Exercise goal:
Everything below from the line with "1920 Foto der" through the line with "ᠮᠣᠩᠭᠤᠯ ᠰᠡᠭᠦᠳᠡᠷ- ᠴ᠂ ᠨᠠᠷᠠᠨᠪᠠᠲᠤ 第10张" must be retyped exactly, except the pictures.

Available data:
================
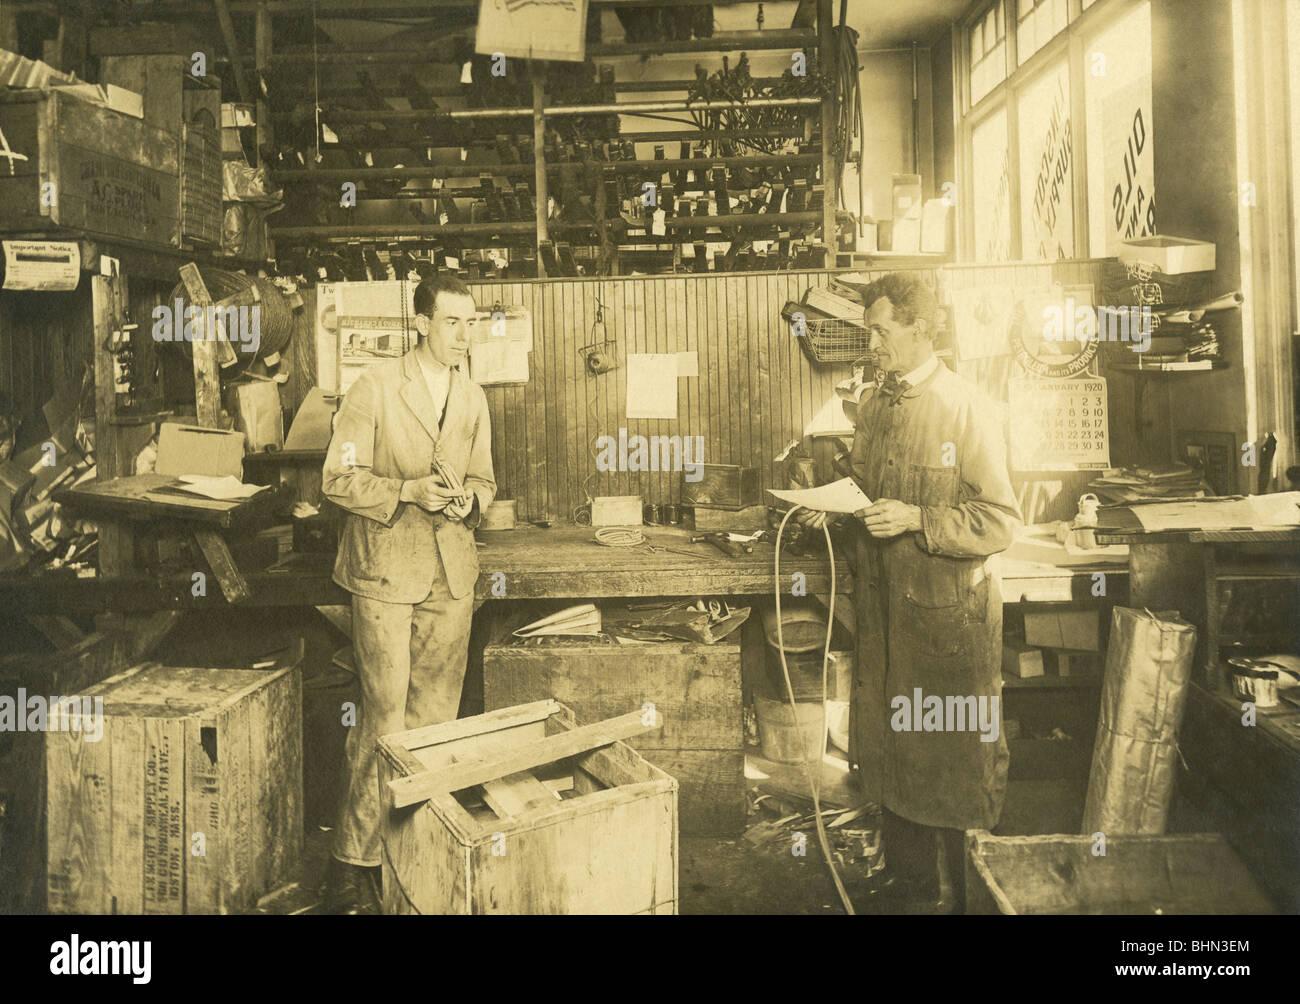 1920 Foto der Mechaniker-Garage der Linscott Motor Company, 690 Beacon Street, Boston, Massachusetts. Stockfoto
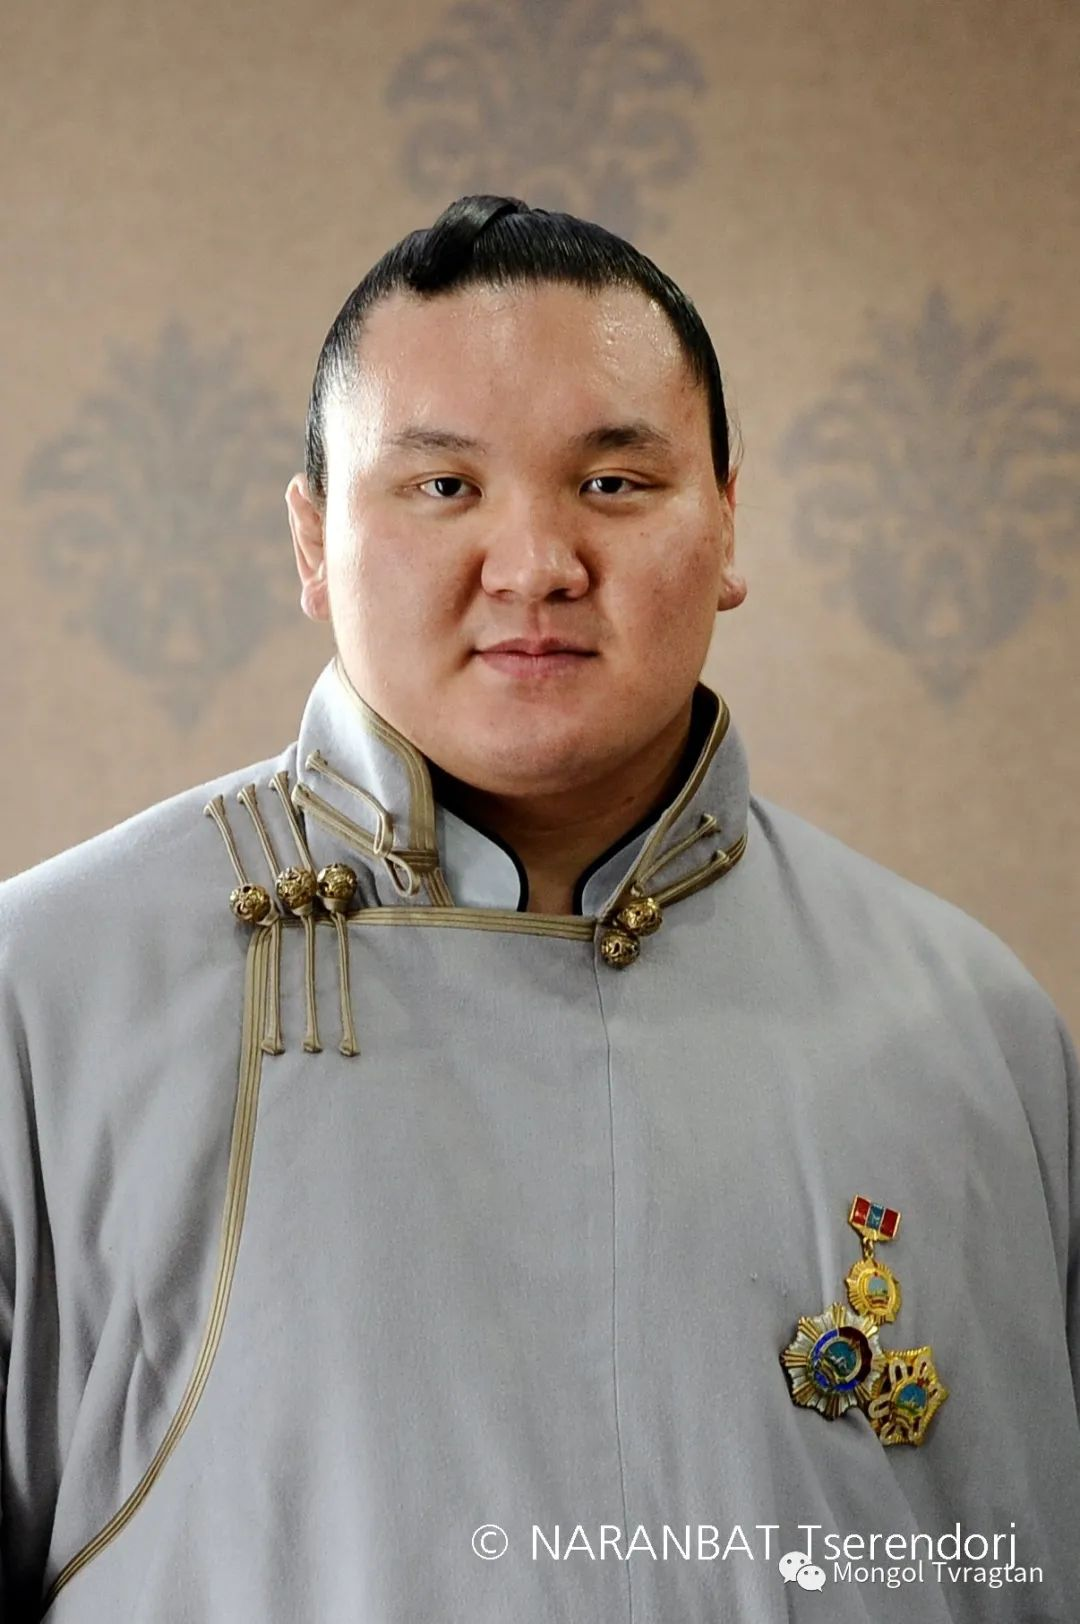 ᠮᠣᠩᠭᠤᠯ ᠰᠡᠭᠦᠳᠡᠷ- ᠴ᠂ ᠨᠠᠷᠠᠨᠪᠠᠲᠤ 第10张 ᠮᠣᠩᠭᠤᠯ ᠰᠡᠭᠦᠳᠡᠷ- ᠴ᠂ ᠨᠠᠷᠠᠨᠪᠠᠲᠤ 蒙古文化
================
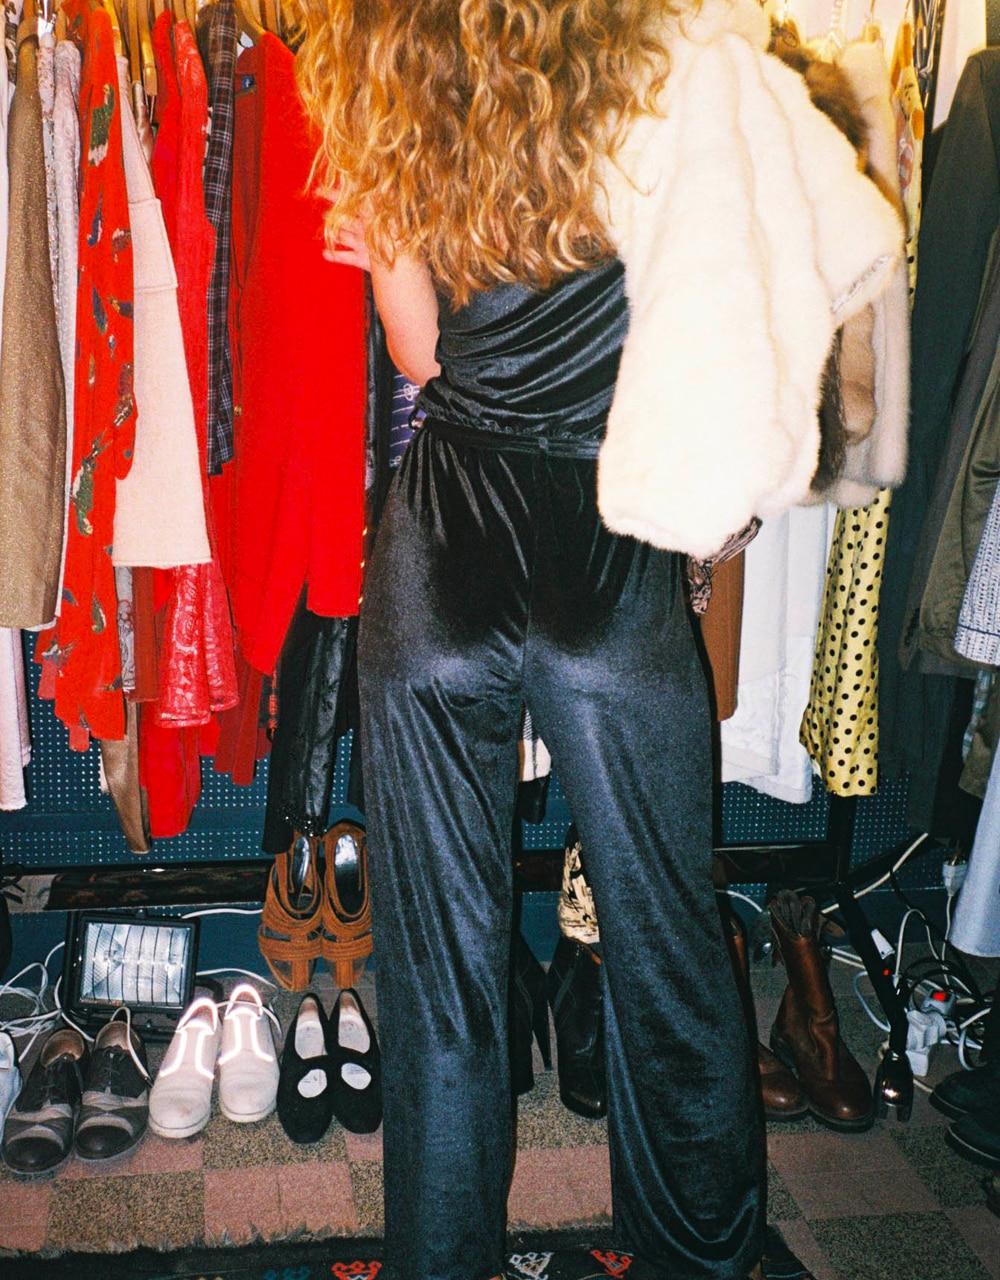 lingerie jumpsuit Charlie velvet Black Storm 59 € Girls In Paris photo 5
================
Solution to the problem:
 1920 Foto der Mechaniker-Garage der Linscott Motor Company, 690 Beacon Street, Boston, Massachusetts. Stockfoto
 ᠮᠣᠩᠭᠤᠯ ᠰᠡᠭᠦᠳᠡᠷ- ᠴ᠂ ᠨᠠᠷᠠᠨᠪᠠᠲᠤ 第10张 ᠮᠣᠩᠭᠤᠯ ᠰᠡᠭᠦᠳᠡᠷ- ᠴ᠂ ᠨᠠᠷᠠᠨᠪᠠᠲᠤ 蒙古文化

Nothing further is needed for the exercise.